* **Work task**: Return the material below exactly, but only from the line with "Seo competitor analysis man u vs man city 23" through the line with "The Joplin Globe", and without its pictures.

* **Dataset content**:

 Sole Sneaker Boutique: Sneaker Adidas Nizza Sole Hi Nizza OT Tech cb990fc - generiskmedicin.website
--
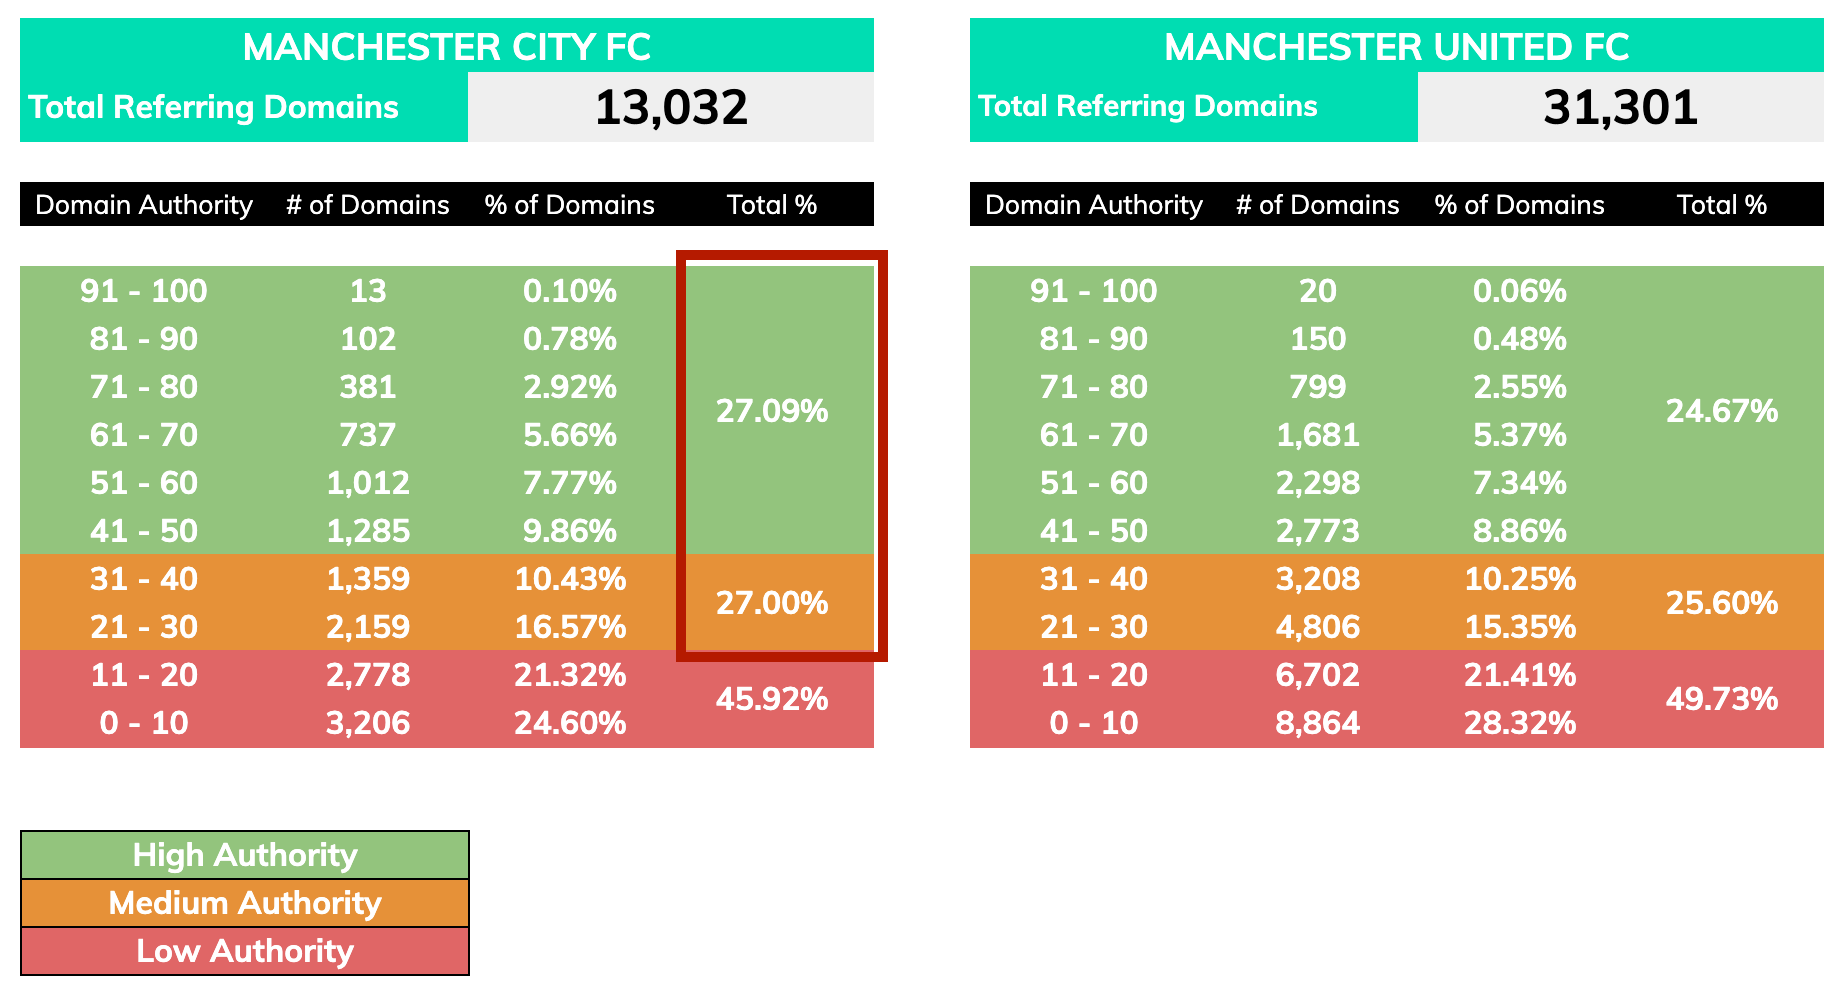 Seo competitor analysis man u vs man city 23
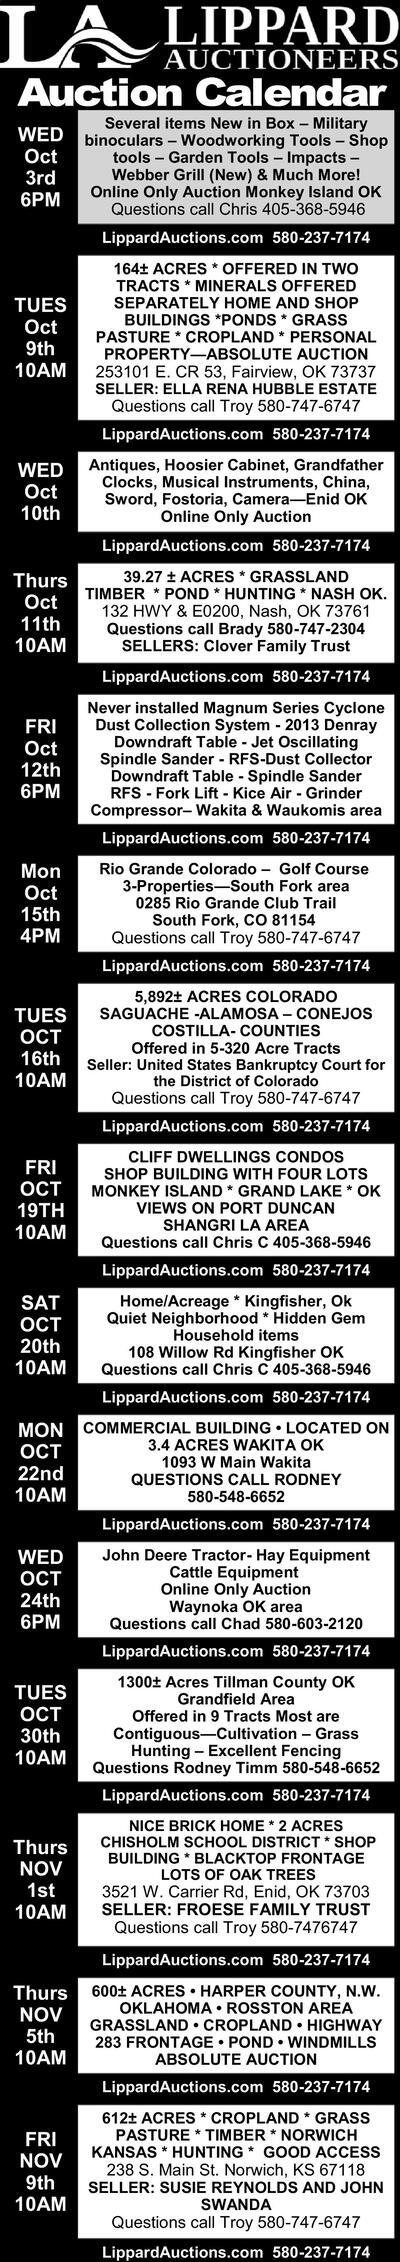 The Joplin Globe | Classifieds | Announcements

* **Written solution**:
 Seo competitor analysis man u vs man city 23
 The Joplin Globe | Classifieds | Announcements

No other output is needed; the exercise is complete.